There is a certain correlation _urban=velar/uvular_ and _rural=apical_ in Austria and in Germany, though; but not in Switzerland. An exception is only Bavarian and Upper-Frankish dialects where the apical r is equally standard in rural and urban accents (and of course Munich with its high percentage of non-locals, which starts to affect also the accents of locals, is an exception to the exception). In Austria, in Viennese and Viennese influenced urban accents the velar/uvular r is my now the prevalent one. In provincial urban accents in eastern Austria, i.e. the "metropolitan area" of the country, it seems perfectly random who uses which type of "r". Sometimes even members of the same family use different "r"s. The apical "r" seems to be generally on the retreat, i.e. is more frequent with older than with younger speakers.
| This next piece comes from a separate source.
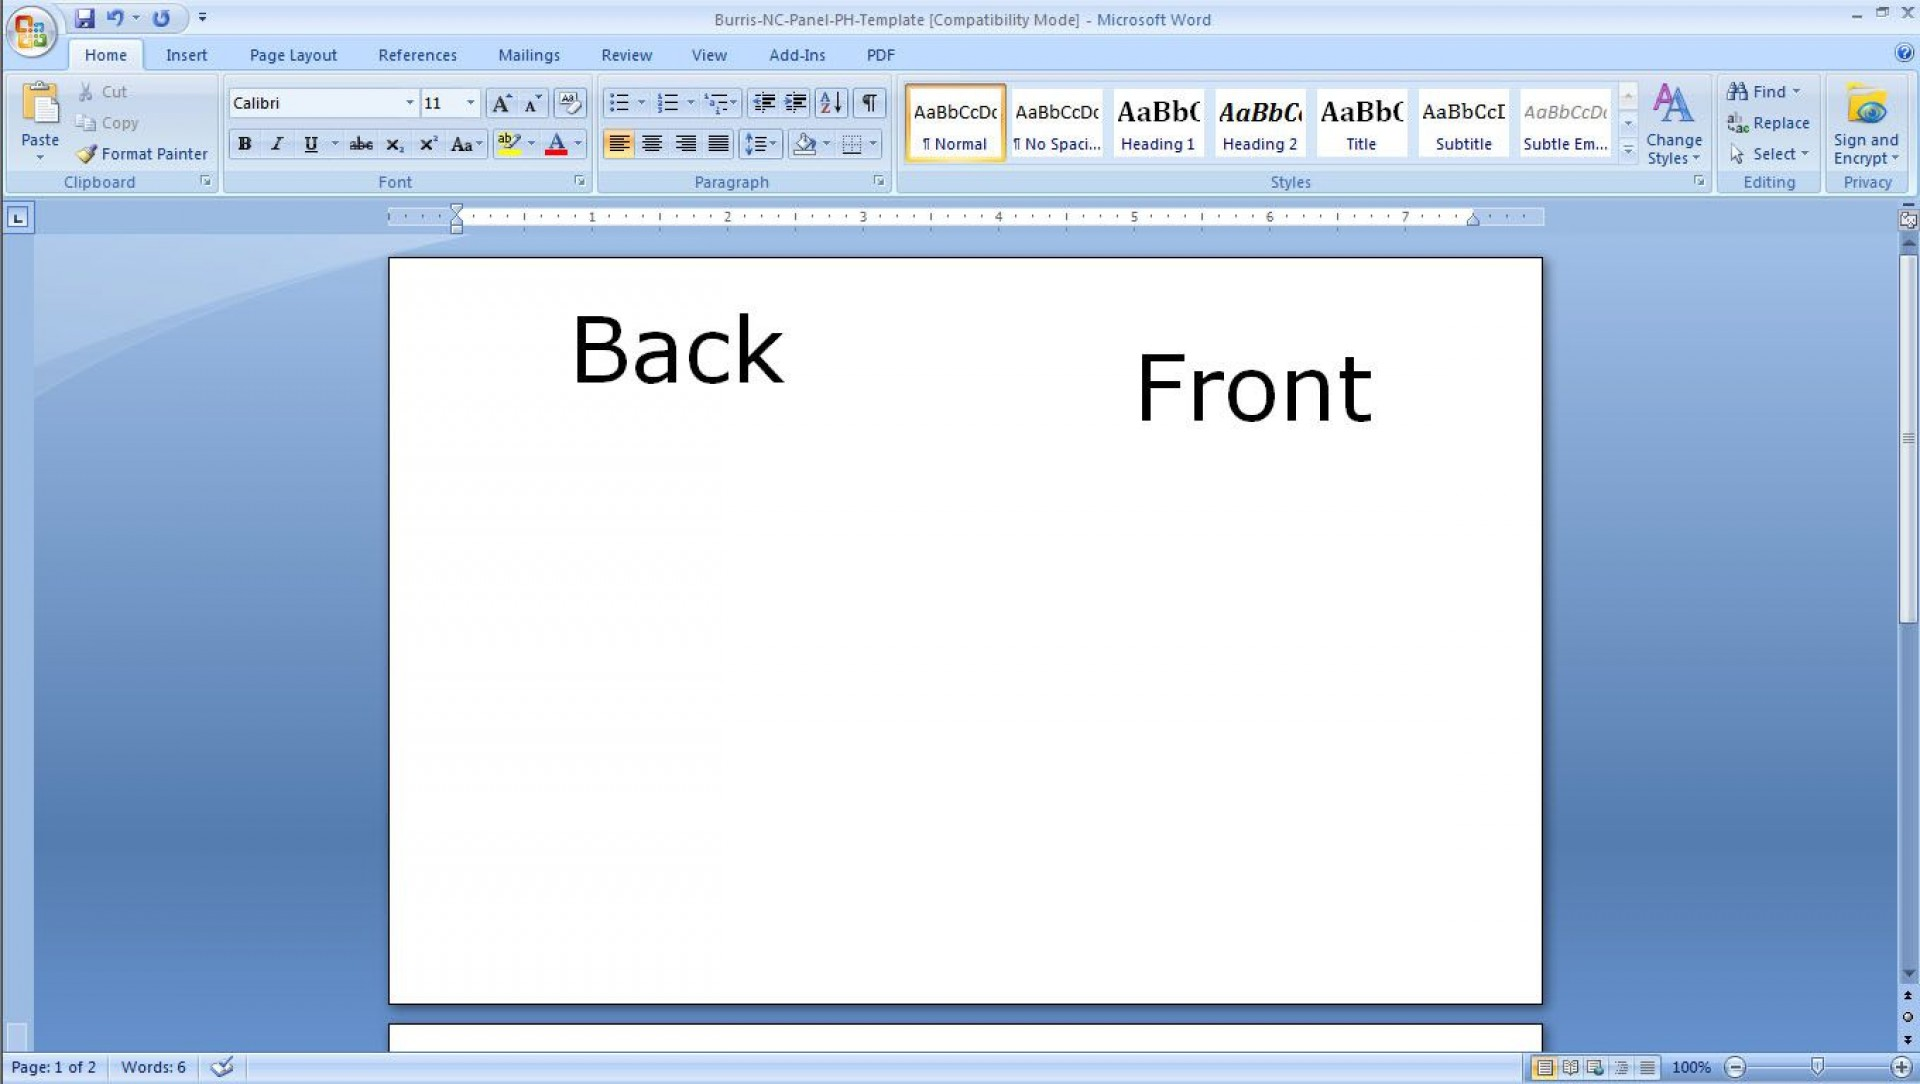 010 Sensational Microsoft Word Card Template High Resolution  Birthday Download Busines Free1920

You would need training to pronounce the apical "r" only as an actor or classical singer.


----------



## LunaPlena

I'd just like to add that you can even find the "English" - or even  "American"? -  pronunciation of r in Germany. To be more precise, you'll  come across this phenomenon in some parts of an area called  "Westerwald". Unfortunately, I'm not allowed to post a link here as I'm a new member. But if you'd like to listen to an example, go to a video platform we all know and look for "Westerwald Dialekt", the second search result is what I'm referring to (young man in light blue shirt).  The interviewer has difficulty in understanding this guy, too, so don't  worry, you're being faced with a serious case of "Westerwälder Platt".


----------



## AnnaJDT

Thank you very much, LunaPlena. It was very interesting for me to realise there is a third version of the "r" in use currently, even though limited to the Westerwald area. I would never have guessed some Germans can speak with American "r"! I will remember that video for reference. 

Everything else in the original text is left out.